Batu named one adjustment to the correspondence relay and Ayas accepted it without negotiation, which told Batu the original had room in it and Ayas had expected to give the adjustment.

They finished in less than ten minutes.

The wolf’s track impression went into the wax beside the caravanserai’s administrative mark, and Ayas pressed his own seal alongside both.

Each man received the copy the other had marked.

The food had been mostly eaten. The sharbat was at room temperature now, the evening having moved through itself around them.

He leaned back.

"Since you’re heading into the mountain approaches next," he said, directly, "you should know that Guyuk’s allied princes passed through here two weeks ago."

His eyes were on the table when he said it.

"There were four of them, minor princes from the northern territories and two senior administrators from Karakorum’s central office."

He looked up.

"They came through fast, didn’t stop more than one night, and sent riders ahead from here."

Batu watched his strategy unfold behind his eyes.

Guyuk’s has been at the assembly ground before any other Chinggisid prince had arrived, with the minor princes already in tow and the Karakorum administrators already in his orbit, working whatever he’d been building on the empire across those months.

The false picture in the Borte-Qol channel had given Guyuk a weakened Batu struggling through winter.

Guyuk had used the time that picture bought him.

With no opposition present and the succession question hanging above every conversation was a real advantage, and he knew it.
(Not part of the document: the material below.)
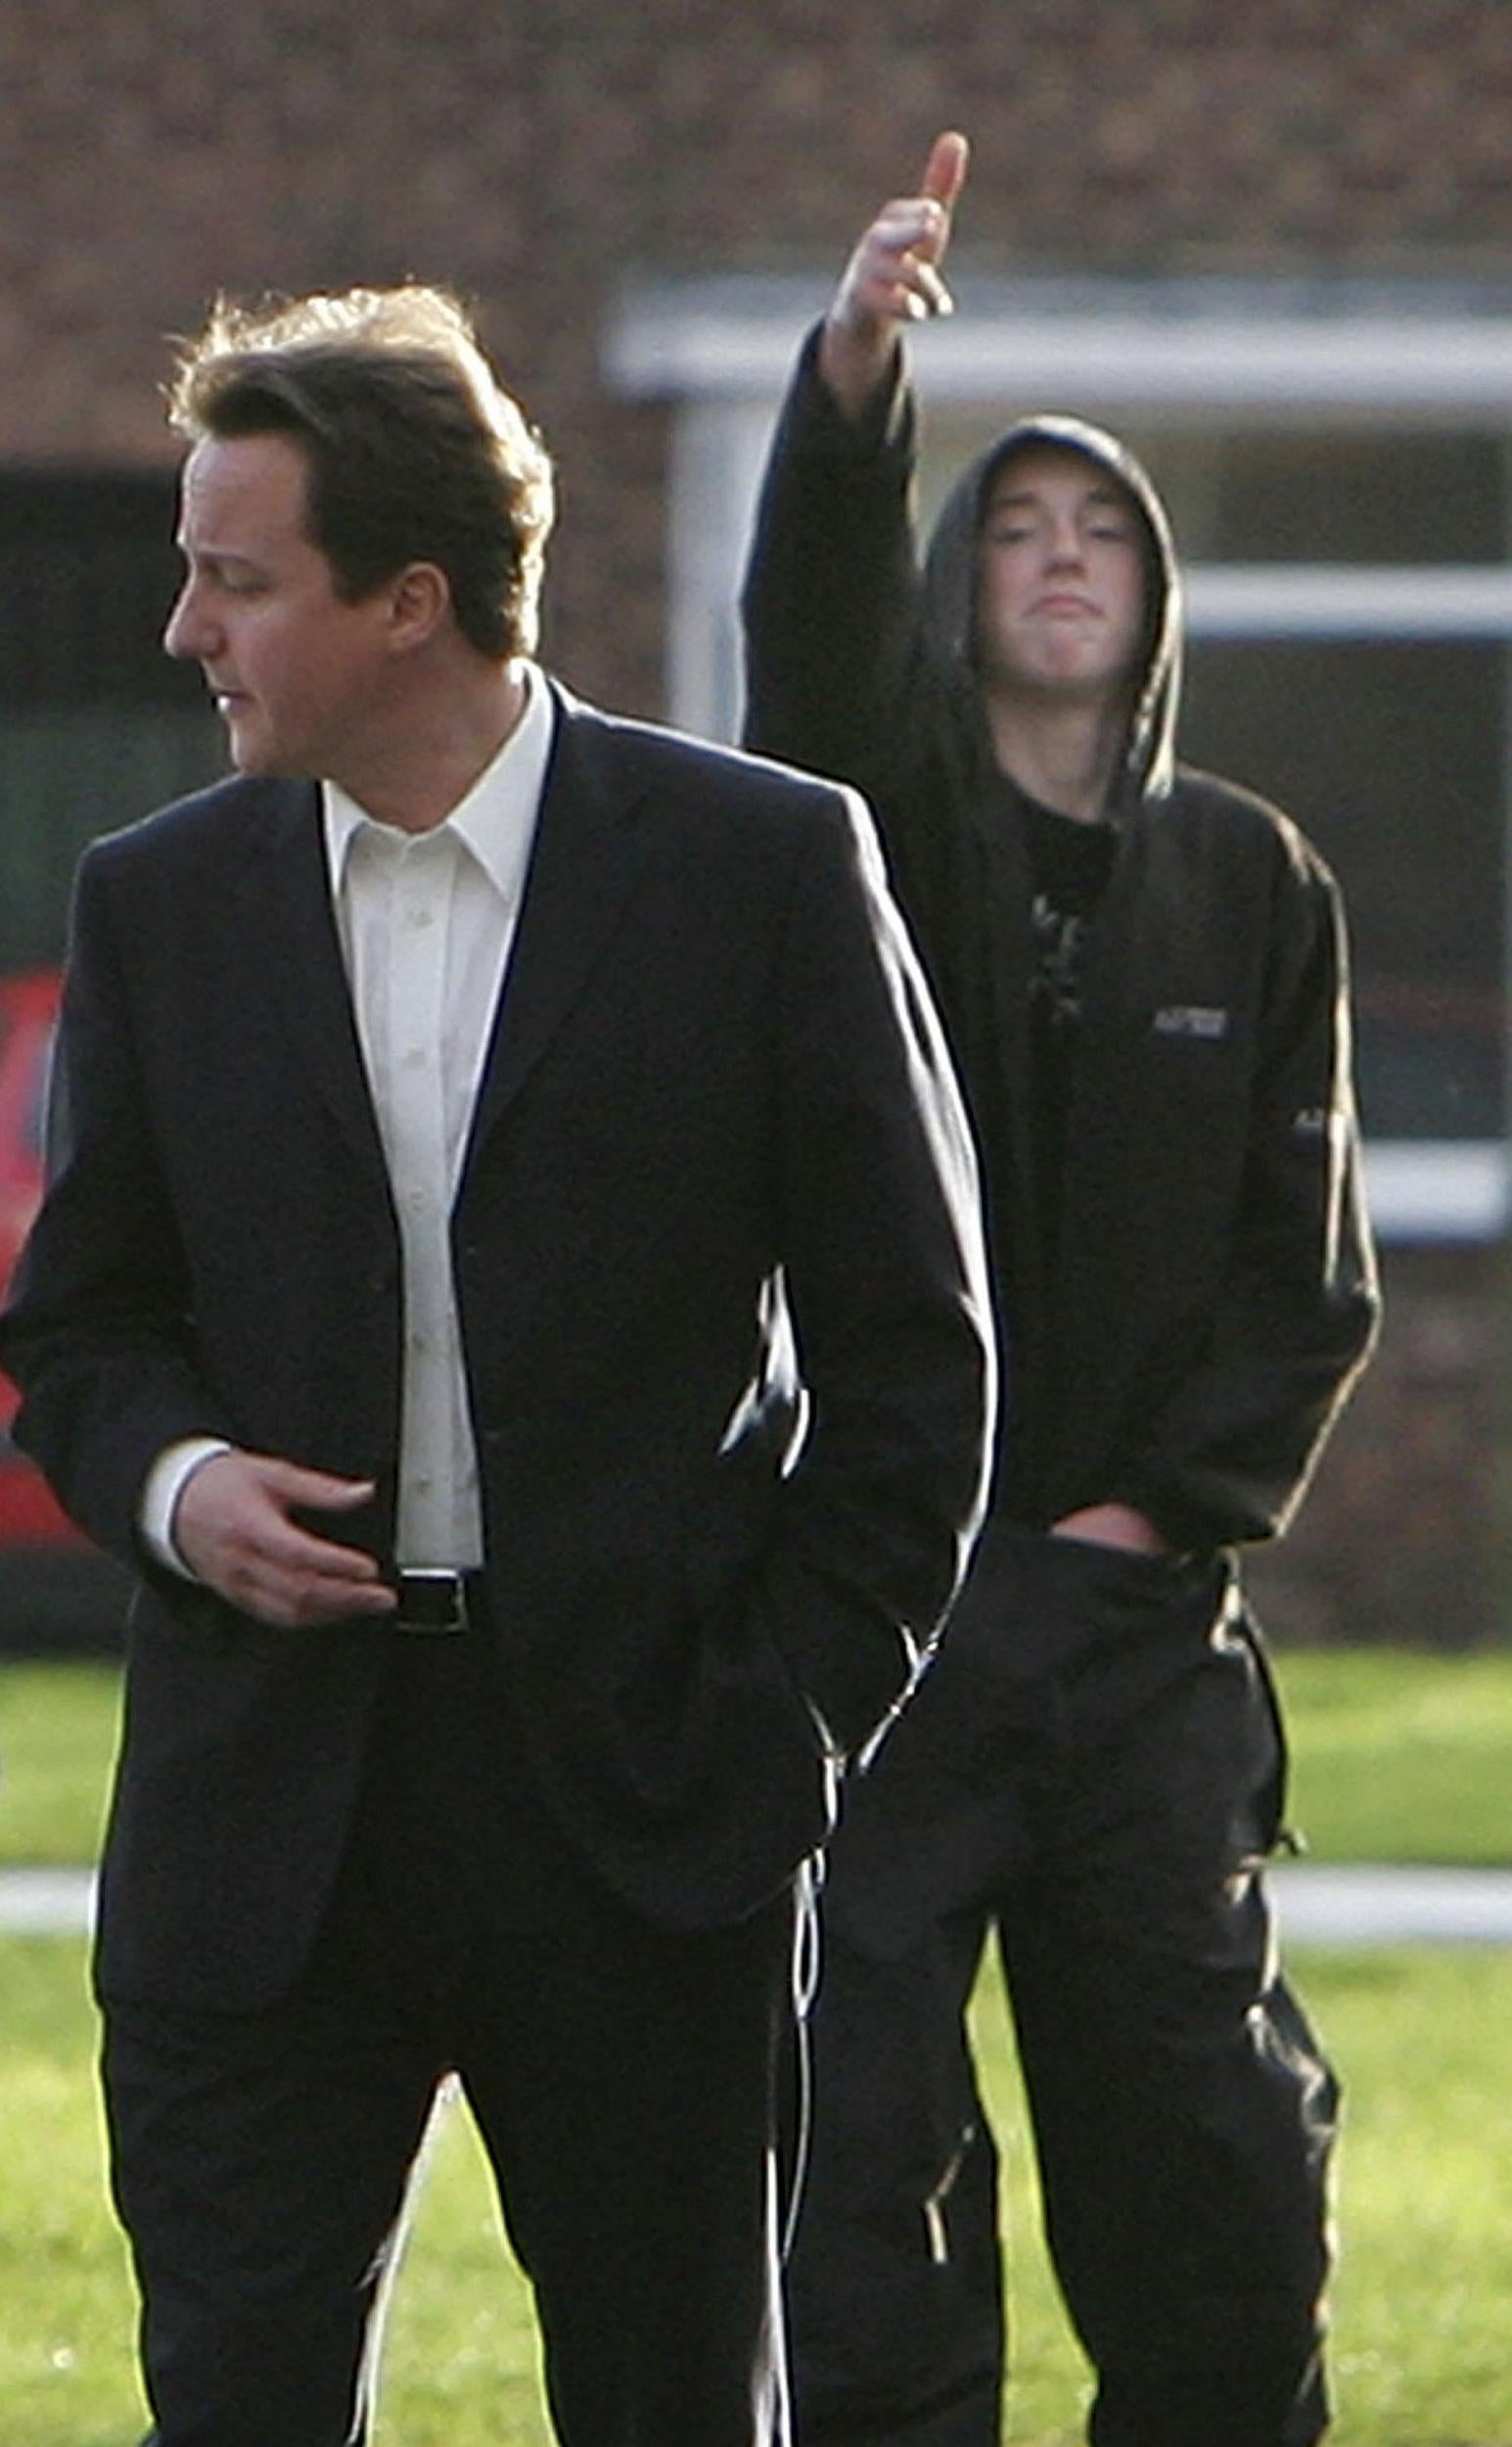 David Cameron is photobombed during a 2007 visit to Benchill estate in Manchester

"Thank you for that," Batu said.

Ayas inclined his head.

"Safe roads," he said. "The mountain passes are clear this time of year, but they narrow badly in the upper sections. Your tumen will need to move in column through the last two days before the plateau."

He offered it simply, the kind of detail worth passing to someone you’ve just done business with.

Batu rose and Ayas rose with him, and the hospitality form ran its ending as it should, the phrases right, the gestures right.

Then Batu was in the caravanserai’s covered walkway with the guard falling in around him, the courtyard noise of the camels and the handlers coming in from outside.

He walked through the outer gate and into the evening street.

The tumen was still four or five days from the mountain approaches and then however many days through the passes and across the plateau.

Guyuk would be established, comfortable, those same princes already committed to whatever position he’d been lobbying for through that time.

The faction Siban had judged as still forming when the summons arrived was already formed.

Yet Batu still had his cards to play.

The things that needed to happen before the assembly’s sessions opened were still achievable if the timing ran correctly.

If.

The contract in his coat put part of the Silk Road’s central logistics network behind the wolf’s track seal for the first time.

Ayas had made a good bet by his own plans.

The mountain passes were days away and more waited Batu on the other side of them.